Deputy speaker of the House of Representatives - (Moroccan Parliament)
- In office 2013–2016

President of the Chamber of Commerce, Industry and services (CCIS) of Settat, Benslimane and Berrechid provinces
- In office 2003–2015
- Preceded by: M. Ahmed Abou Al Hassan BENYAHIA
- Succeeded by: M. Mustapha AMHAL

President of the Parliamentary RNI's group
- In office 2011–2012
- Preceded by: M. Mohamed ABBOU
- Succeeded by: M. Rachid Talbi Alami

First vice-president of the Arab Labor Organization (ALO) (Organization of the Arab League)
- In office 2009–2011

Personal details
- Born: October 21, 1963 Marrakesh, Morocco
- Party: National Rally of Independents
- Alma mater: University of Perpignan

= Chafik Rachadi =

Moroccan politician

Chafik Rachadi (شفيق رشادي; born October 21, 1963) is a Moroccan politician.

== Education and law career ==
Rachadi obtained a B.A. in Business Administration from Montreal (1987), a degree in international management from Fontainebleau (1995), a Master in Finance and Management Control from Orleans (2000), and a PhD in Private Law, under the theme: Industrial property in light of the jurisprudence in comparative law, from Perpignan (2004).

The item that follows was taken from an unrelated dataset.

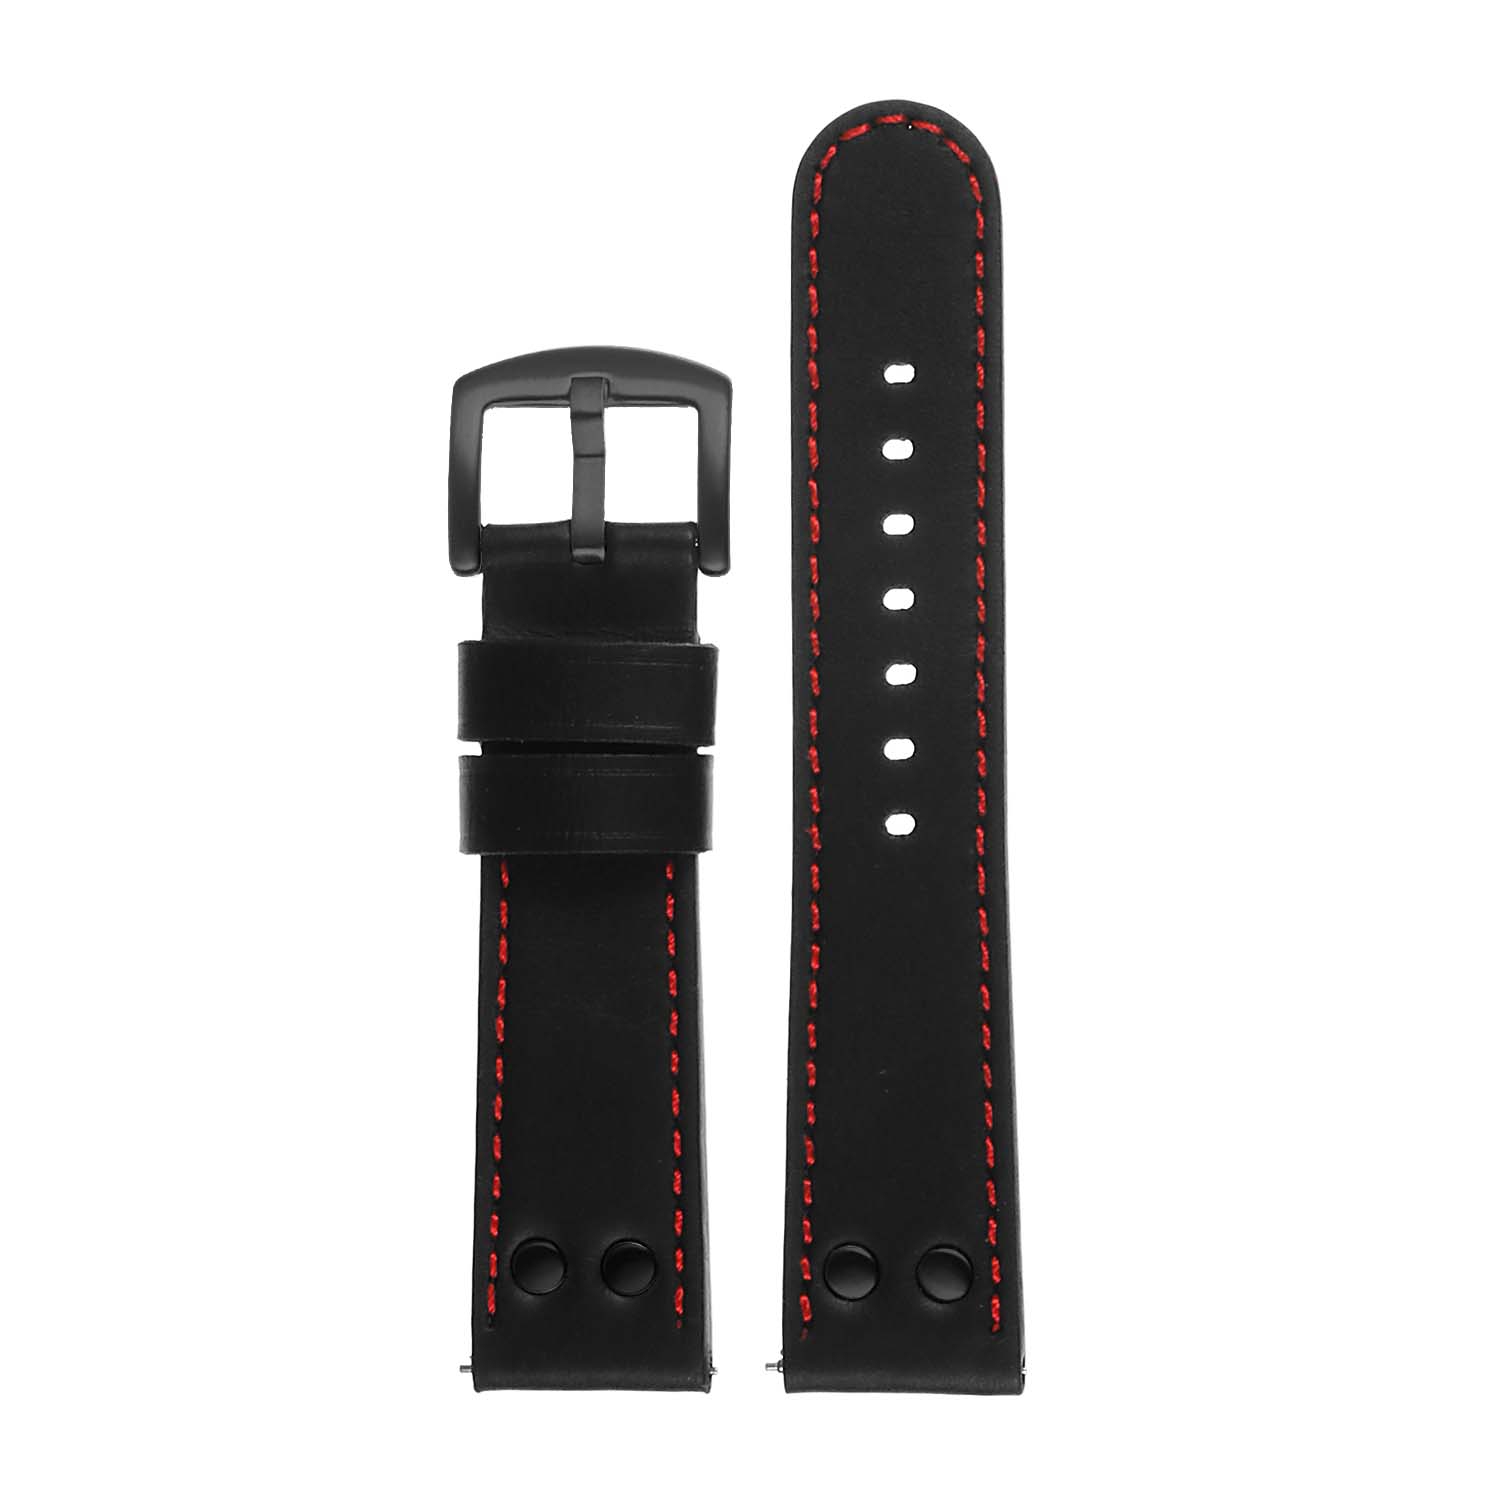 DASSARI Leather Pilot 20mm Watch Band Strap for Samsung Galaxy Watch 42mm - Black & Red (Black Buckle)

From 1989 until 2016, Rachadi chaired a Moroccan company specializing in the assembly of European and Asian industrials vehicles.

== Political career ==
Since 2002, Rachadi was a Member of the House of Representatives –Moroccan parliament. From 2007 until 2009, he was a member of the board of the House of Representatives and since 2008 he has managed and published the Magazine of the House of Representatives. From 2013 until 2016, he was the vice-president of the House of Representatives.

From 2001 until 2016, he was the president of the Industrialists Association of Berrechid(AIB). From 2003 until 2015, he was President of the Chamber of Commerce, Industry and services "CCIS" of Settat and Vice-President of the Federation of Moroccan Chambers of Commerce, Industry and Services(FCMCIS). From 2009 until 2011, he was the first vice president of the Arab Labour Organization. In 2010, he was honoured by the Arab Organization working in its 37th edition in Bahrain in 2010 as Distinguished Arab Manager, "recognized for his involvement in supporting labours in all its components nationally, regionally and internationally."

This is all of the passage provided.